To make the CDS advisories consistent with performance measures, we modified the original encodings of the guideline recommendations. The advisories generated by ATHENA PMtoCDS for patients who fail specific performance measures are passed to the dashboard for display to users in the context of the performance measure evaluations. Parallel to Analysis 1, we report as results our analysis of the workflow integration, cohort definition, compliance definition, use of data, and design features of user interface of the CDS. In this analysis our focus is on changes that are necessary to integrate CDS recommendations in the context of a performance–measure-oriented dashboard.
Results
Table 1 at the end of section highlights the main results of the analyses.
Table 1.
Major findings: (1) Comparison of HF-PM and HF-CDS systems (Analysis 1) and (2) Necessary changes to ATHENA PMtoCDS for it to supplement a dashboard application that computes and displays performance measure information (Analysis 2).
Analysis 1 | Analysis 2 | ||
---|---|---|---|
HF-PM | HF-CDS | Necessary Changes to PMtoCDS | |
Workflow | Retrospective/on demand | Prospective/event driven | Triggered as part of PM Dashboard for patients failing PM |
Cohort Definition | More restrictive to improve specificity; retrospective data more available | Less restrictive to allow clinical judgment; Data less available; Exclude patients who do not need recommendation; Exclude cases requiring complex management | Limited to patients failing PM |
Definition of Compliance | Single numerator metric | More nuanced definition of best practice | Modified to be consistent with PM Dashboard; No recommendations for those who pass PMs |
Use of Data | Stricter temporal limits to improve specificity | More inclusive | Able to use Dashboard analytics (medication possession ratio) to enhance CDS |
Output Format | Population-based summary statistics | Patient-specific | Made to be consistent with that of PM Dashboard |
Analysis 1: Comparing Implementations of Heart Failure Performance Measure and CDS Systems
We will contrast performance measures and guideline-based CDS implementations in terms of workflow integration, cohort definitions, compliance definition, use of data, and output structure.
1. Workflow Integration
Both the HF-PM and the HF-CDS systems are research prototypes that were not deployed in actual clinics. The design of the HF-PM system involves the system processing, in batch mode, the data of a cohort of patients to see whether their treatments satisfy performance measures. The HF-PM system evaluates performance measures for both inpatient and outpatient cases. Both aggregated results and results for individual patients are stored in a database accessible to providers or administrators when desired. The HF-CDS system, on the other hand, evaluates patient-specific current clinical care and prospectively recommends best practices based on the encoded guideline recommendations. The CDS system also brings relevant patient data into one display with layered information to reduce the cognitive burden of searching the EHR for the information required for decision-making. Past ATHENA CDS deployments focused on providing decision support to primary care providers in outpatient clinics. For example, ATHENA HTN, the hypertension management version of ATHENA CDS, would pop up a CDS window when a provider selected a patient who was eligible for guideline-based care. The window would contain recommendations based on the JNC/VA guideline for the management of hypertension and the available patient data [7].
2. Cohort Definitions
Next we report the results of the comparison between HF-PM and HF-CDS systems in terms of identifying patients who should be included in performance measure evaluations and CDS support. As described in the Methods section, we use as a case study the ACE inhibitor recommendation based on NQF 0081 [12] and the 2013 HF guidelines [13]. To make the criteria comparable, we examine the cohort definition of the outpatient component of NQF 0081 only.

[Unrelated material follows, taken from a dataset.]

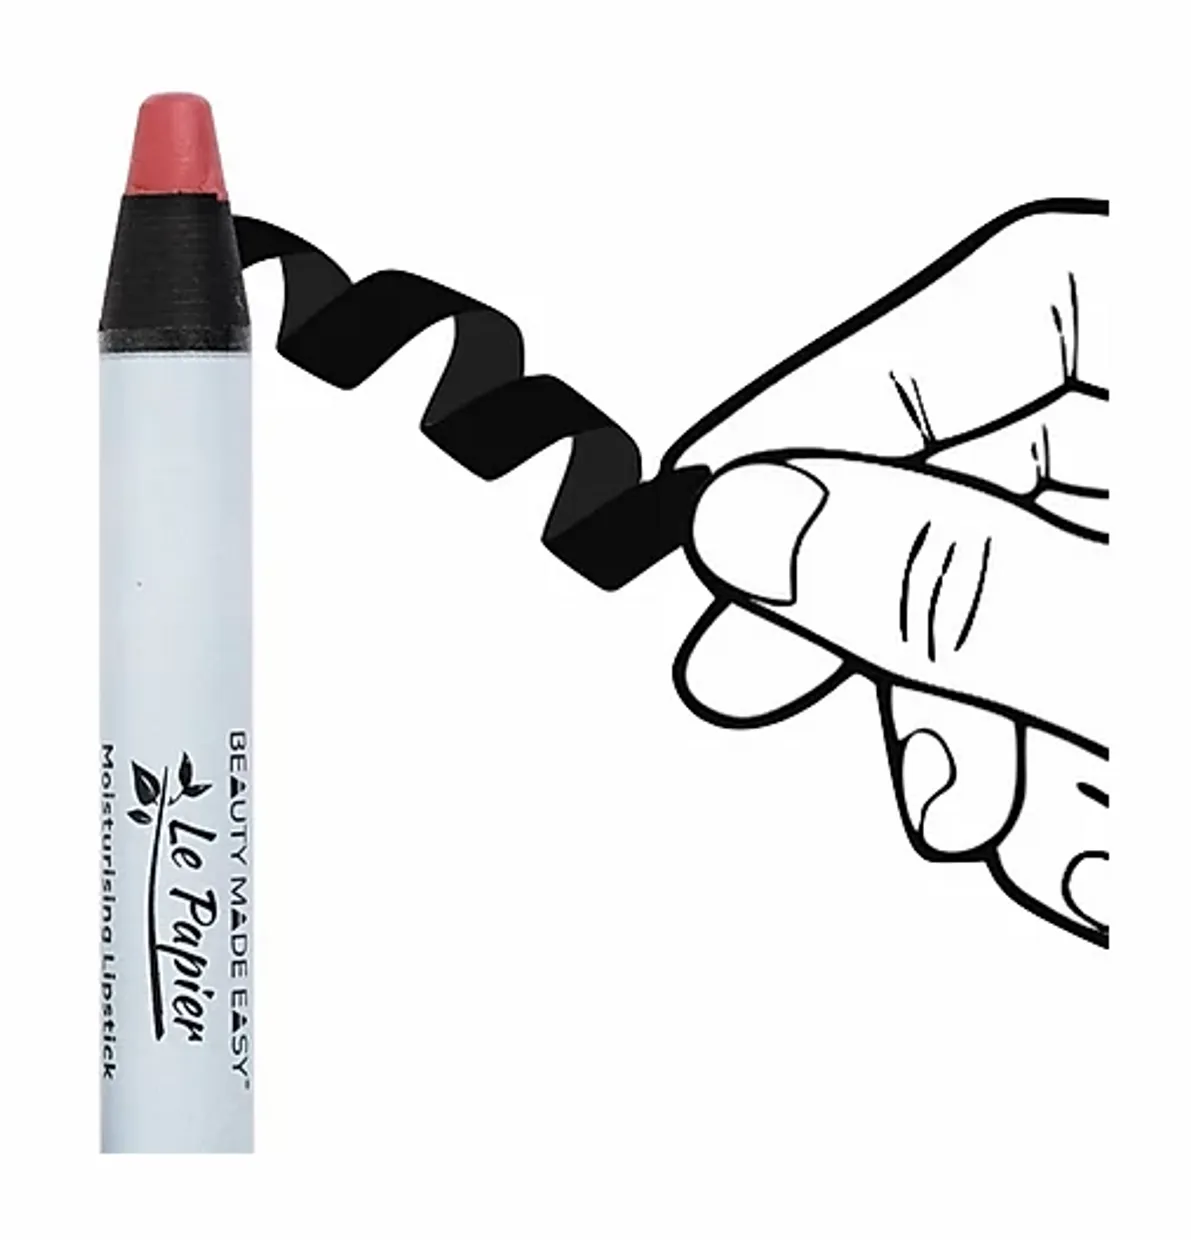 Glossy nude lipstick blossom, plastic free - Le Papier

HF-CDS makes use of 13 criteria that determine whether or not a recommendation should be made on ACE inhibitor or angiotensin II receptor blocker (ARB) for a patient with heart failure. HF-PM uses 33 criteria to select the cohort of patients eligible to have a prescription for an ACE inhibitor or an ARB.
We identified 8 criteria that are identical, 16 HF-PM criteria that are handled differently in HF-CDS, 10 criteria that are in HF-PM only and 3 criteria that are in HF-CDS only.3
-
Similar criteria differed in definition and modeling choices
We organize the 16 instances in which similar criteria were handled differently in HF-PM and HF-CDS systems into 3 categories:- Role of clinical judgment: HF-CDS alerts providers to conditions that require clinical judgment when recommending ACE inhibitor while HF-PM excludes these patients from the cohort/denominator in order to improve specificity. Performance measures exclude specific reported adverse events such as hypotension, hyperkalemia, worsening renal function due to ACE inhibitor or ARB. HF-CDS displays both the recommended drugs and the adverse events and allergies to providers and leaves the choice of whether to prescribe the recommended drugs to their judgment. Other clinical conditions were also excluded by performance measure, such as presence of aortic stenosis, hypertrophic cardiomyopathy, renal artery stenosis, stage 3 chronic kidney disease, eGFR between 30 and 59, and active prescription for aliskiren, are handled in the HF-CDS by explicitly alerting the provider to these conditions.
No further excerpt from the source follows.